The kid does not want to go back. After the six months, when the doctor says go, she does not want to. She finds reasons to skip the return.

The training is not progressing. She returns, she trains, but she is not regaining the level she had. The body has changed during the rest period.

A new interest has emerged. During the rest period she discovered something else. Photography. Writing. Theater. Music. She is more excited about the new thing than about returning to ballet.

If any of these are true, the answer might be that the path has changed.

How to talk about a path change

This is the hardest conversation.

Some moves that help.

Do not push her. The decision needs to be hers. If you push her to quit, she will resent you. If you push her to continue, she will resent ballet.

Ask her what she wants. Not what she should want. What she actually wants. Let her say it out loud.

Honor whatever she says. If she says she wants to keep going, support her. If she says she wants to stop, support her.

Do not frame quitting as failure. Frame it as a choice. “You have been a ballet kid for ten years. You learned what you learned. Now you get to choose what comes next.”

If she chooses to step back, give her permission to come back. Some kids step away and come back in six months as a recreational dancer. That is a valid path.

The bigger thing

A serious injury at 14 is one of the major fork moments in a young dancer’s life. Some kids come through it and end up at professional schools. Some kids step back and find their adult life is elsewhere.

Both outcomes are real.

The kid who navigates this well at 14 is the kid who will navigate the next fork well at 17 and the next one at 22. The skill is the navigation, not the outcome.

Your job is to help her navigate. Not to choose the destination. The destination is hers.

A short word about other paths

If the injury ends the pre-professional path, there are many other ways to keep dance in her life.

Recreational classes at a friendly studio. Lower pressure. No competitions or auditions. Just the joy of moving.
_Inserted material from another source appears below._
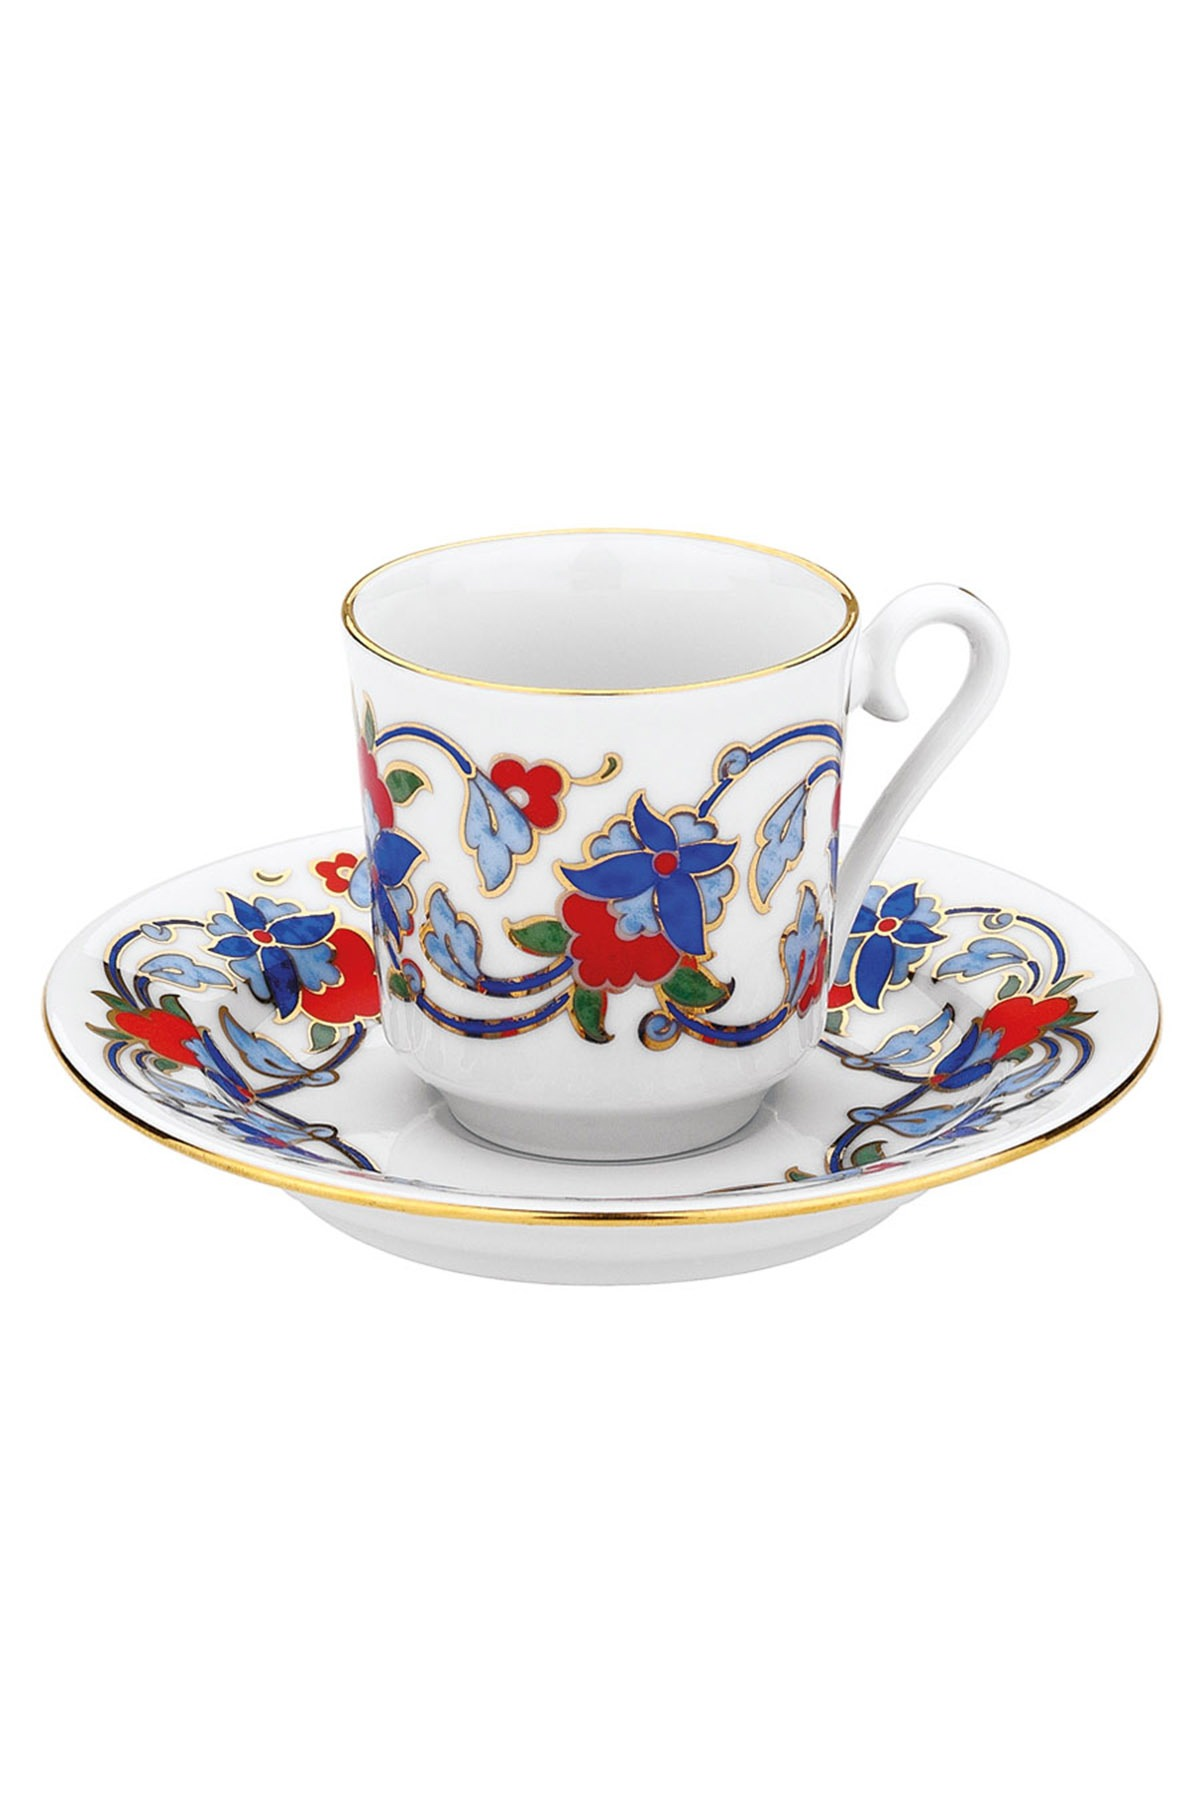 KÜTAHYA PORSELEN - Kütahya Porselen 554 Desen Kahve Fincan Takımı

Contemporary or modern dance. Different demands on the body. Some kids with ballet injuries find their way to contemporary, which can be gentler on certain joints while still being a serious artistic pursuit.

Pilates or barre fitness. Many adults who were dancers as kids find their way back through these. The ballet body remembers.

College dance. Many colleges have strong dance programs that admit dancers who are not on the pre-professional track. The training is real. The community is rich.

Teaching. Some kids who stop dancing seriously at 14 or 15 end up teaching younger kids by 16 or 17. The teaching is a way to stay in the studio without the body demands.

Choreography. Some kids whose bodies cannot dance the way they want still have something to say through dance. Choreography is its own art.

The kid who has spent ten years in dance has skills and instincts that do not disappear because her body changed direction. Those skills go somewhere. Help her find where.